Алиса вспомнила те несколько недель, когда узнала, что беременна. Первой мыслью было найти Илью. Он должен знать, ведь это и его ребенок тоже. Он имеет право, и если он захочет… Только с чего ему захотеть? Ему не нужна она сама, так с чего вдруг ему должен понадобиться ее ребенок?

Они ему не нужны. Он прекрасно проживет без них.

И пусть живет!

Она уедет – все успокоятся. Она успокоится

Чувствуя, как сильно ее знобит и колотит, обхватывала себя руками. Не помогало. Нужно было выпить что-то… Успокаивающее. Обезболивающее. Обездушивающее.

Алиса медленно побрела на кухню. Порылась в ящике над рабочим столом, где мама держала лекарства. В нос ударил сильный запах – вспомнила, что, кроме нашатыря, давно и ничего там нет. И тот лучше бы выбросить. Схватилась за голову, ощущая, как спутываются все ее реальности – спутываются или сходятся здесь, в этой точке?

И не выдержала. Взяла телефон и набрала Илью.

– Приезжай завтра, задание есть.

***

Сном удалось забыться только под утро. Под боком мурчал Францевич, и этот звук – реальный, нормальный, привычный – многократно отдавался в нем самом, заполняя собой действительность. Нужно что-то решать. Нужно что-то делать. Это не он, это кто-то другой сейчас рефлексирует. Макаров так не умеет. Макаров, очертя голову, бросается в самую гущу и побеждает.

Только на сей раз он не нуждался в победах. Он уже очень давно в них не нуждался.

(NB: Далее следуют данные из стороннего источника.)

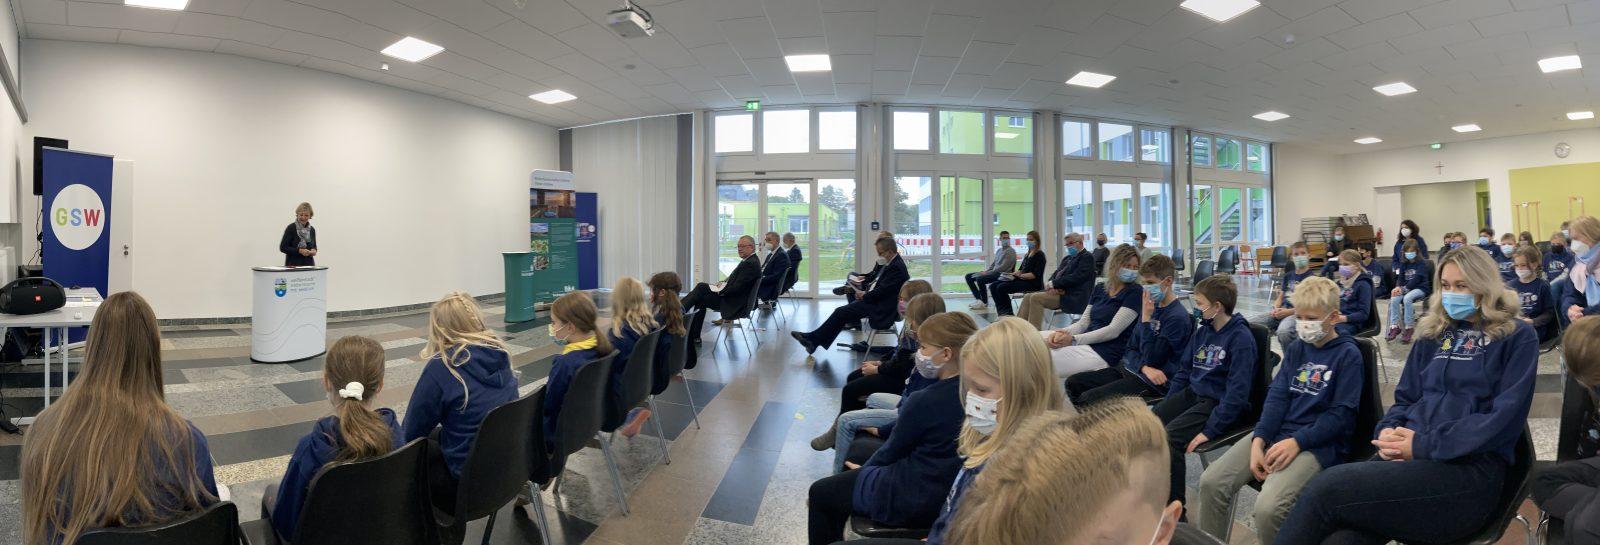 Zertifizierung Naturpark-Schule Grundschule Weißenstadt

Он отчаянно желал отыскать собственную жизнь на развалинах. Ту, в которой у него будет его женщина, его дочь, его дом. Все остальное оказывалось неважным.

Нужно пройти этот странный путь, чтобы однажды прийти к себе.

Беда лишь в том, что он не представляет, как сказать… как вообще можно сказать обо всем, чем он переполнен сейчас, так, чтобы Алисе это тоже стало нужным. Может быть, он ошибается. Может быть, она изменилась так сильно, что надежда для него потеряна. Может быть, сердцевину, ту самую, что еще помнит, он сам когда-то и вынул. А чем теперь заполнена пустота, не знал.

В сон проваливался тяжело, словно падал в яму. Просыпаясь несколько раз подряд. И каждый раз хватался за телефон, чтобы посмотреть, сколько прошло времени.

Самый продолжительный провал был последним. Проспал около часа. Проснулся в половине седьмого. Встал и поплелся на кухню. Васьки не наблюдалось, видимо, еще не поднялась. Сварил себе кофе. Простой, черный, без сахара и изысков.

Накормил кота сыром, от которого тот дурел и орал на всю округу. Сам свой кофе выглушил быстро, даже не пытаясь ждать, когда он остынет.

И к девяти парковал машину у Алисиного дома. Предчувствий не имелось никаких. Понимание было – сейчас случится что-то похуже, чем в прошлый раз. Иначе все теряет смысл. С тем и звонил в ее дверь. Снова. Стучите – откроют. Чушь собачья! Если не хотят – никогда не откроют.

Дверь отозвалась на звонок быстро – скрипнула и отворилась. Алиса, в джинсах и рубашке, совсем не домашних, выглядела так, словно знала, когда он приедет. Покрасневшие глаза выдавали скорее бессонную ночь, чем слезы.

– Проходи, – как обычно, сказала она негромко, и голос ее прозвучал устало и глухо.

В углу прихожей стоял громоздкий чемодан. Рядом на стуле валялась небольшая сумка. Забавно, что подобные предметы иногда оказываются приговором.

– Доброе утро, – проговорил Илья, отводя взгляд от угла и возвращаясь к Алисе. – Я не слишком рано?

– Нормально.

Она не смотрела на него. Постояла мгновение на месте и отошла к стулу, взяла сумку и перекинула ее длинный ремень через плечо. От этого ее «нормально» внутри все сжималось.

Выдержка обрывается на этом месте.